By analyzing existing cross correlation between PHOENIX INVESTMENT PANY and CIM FINANCIAL SERVICES, you can compare the effects of market volatilities on PHOENIX INVESTMENT and CIM FINANCIAL and check how they will diversify away market risk if combined in the same portfolio for a given time horizon. You can also utilize pair trading strategies of matching a long position in PHOENIX INVESTMENT with a short position of CIM FINANCIAL. Check out your portfolio center. Please also check ongoing floating volatility patterns of PHOENIX INVESTMENT and CIM FINANCIAL.

Diversification Opportunities for PHOENIX INVESTMENT and CIM FINANCIAL

0.63
  Correlation Coefficient

Poor diversification

The 3 months correlation between PHOENIX and CIM is 0.63. Overlapping area represents the amount of risk that can be diversified away by holding PHOENIX INVESTMENT PANY and CIM FINANCIAL SERVICES in the same portfolio, assuming nothing else is changed. The correlation between historical prices or returns on CIM FINANCIAL SERVICES and PHOENIX INVESTMENT is a relative statistical measure of the degree to which these equity instruments tend to move together. The correlation coefficient measures the extent to which returns on PHOENIX INVESTMENT PANY are associated (or correlated) with CIM FINANCIAL. Values of the correlation coefficient range from -1 to +1, where. The correlation of zero (0) is possible when the price movement of CIM FINANCIAL SERVICES has no effect on the direction of PHOENIX INVESTMENT i.e., PHOENIX INVESTMENT and CIM FINANCIAL go up and down completely randomly.
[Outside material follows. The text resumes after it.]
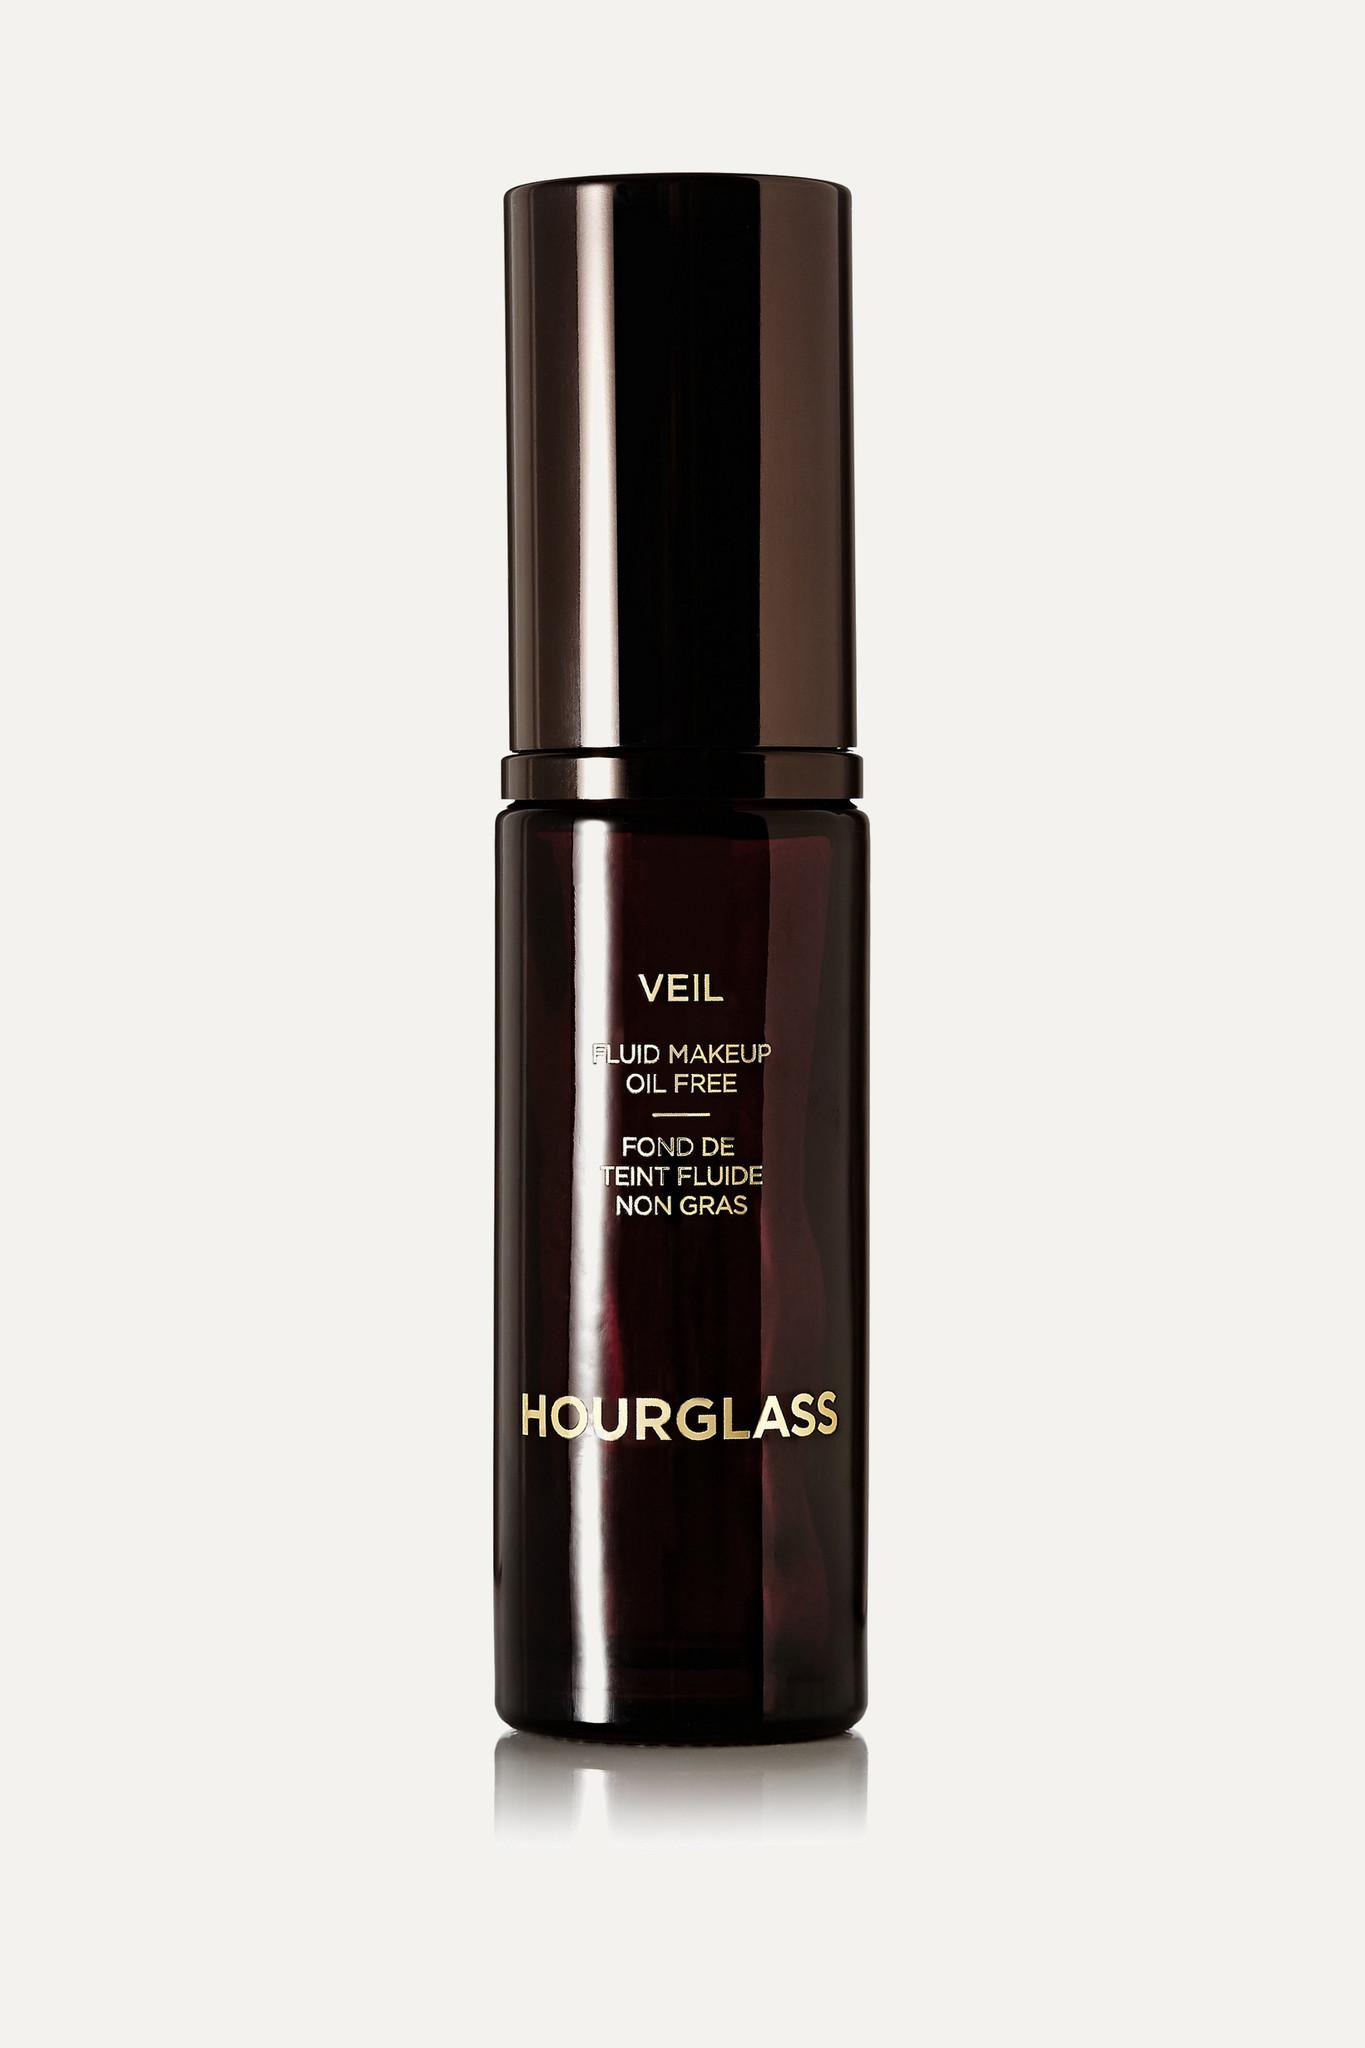 HOURGLASS - Veil Fluid Makeup No 6 - Sable, 30ml - Neutrals - one size

Pair Corralation between PHOENIX INVESTMENT and CIM FINANCIAL

Assuming the 90 days trading horizon PHOENIX INVESTMENT PANY is expected to generate 0.78 times more return on investment than CIM FINANCIAL. However, PHOENIX INVESTMENT PANY is 1.28 times less risky than CIM FINANCIAL. It trades about 0.29 of its potential returns per unit of risk. CIM FINANCIAL SERVICES is currently generating about -0.35 per unit of risk. If you would invest  35,000  in PHOENIX INVESTMENT PANY on August 31, 2024 and sell it today you would earn a total of  1,625  from holding PHOENIX INVESTMENT PANY or generate 4.64% return on investment over 90 days.
Time Period3 Months [change]
DirectionMoves Together 
StrengthSignificant
Accuracy100.0%
ValuesDaily Returns

PHOENIX INVESTMENT PANY  vs.  CIM FINANCIAL SERVICES

 Performance 
       Timeline  
PHOENIX INVESTMENT PANY 

Risk-Adjusted Performance

23 of 100

 
Weak
 
Strong
Solid
Compared to the overall equity markets, risk-adjusted returns on investments in PHOENIX INVESTMENT PANY are ranked lower than 23 (%) of all global equities and portfolios over the last 90 days. In spite of rather unsteady technical and fundamental indicators, PHOENIX INVESTMENT may actually be approaching a critical reversion point that can send shares even higher in December 2024.
CIM FINANCIAL SERVICES 

Risk-Adjusted Performance

13 of 100

 
Weak
 
Strong
Good
Compared to the overall equity markets, risk-adjusted returns on investments in CIM FINANCIAL SERVICES are ranked lower than 13 (%) of all global equities and portfolios over the last 90 days. In spite of very unsteady primary indicators, CIM FINANCIAL may actually be approaching a critical reversion point that can send shares even higher in December 2024.

PHOENIX INVESTMENT and CIM FINANCIAL Volatility Contrast

   Predicted Return Density   
       Returns  

Pair Trading with PHOENIX INVESTMENT and CIM FINANCIAL

The main advantage of trading using opposite PHOENIX INVESTMENT and CIM FINANCIAL positions is that it hedges away some unsystematic risk. Because of two separate transactions, even if PHOENIX INVESTMENT position performs unexpectedly, CIM FINANCIAL can make up some of the losses. Pair trading also minimizes risk from directional movements in the market. For example, if an entire industry or sector drops because of unexpected headlines, the short position in CIM FINANCIAL will offset losses from the drop in CIM FINANCIAL's long position.
The idea behind PHOENIX INVESTMENT PANY and CIM FINANCIAL SERVICES pairs trading is to make the combined position market-neutral, meaning the overall market's direction will not affect its win or loss (or potential downside or upside). This can be achieved by designing a pairs trade with two highly correlated stocks or equities that operate in a similar space or sector, making it possible to obtain profits through simple and relatively low-risk investment.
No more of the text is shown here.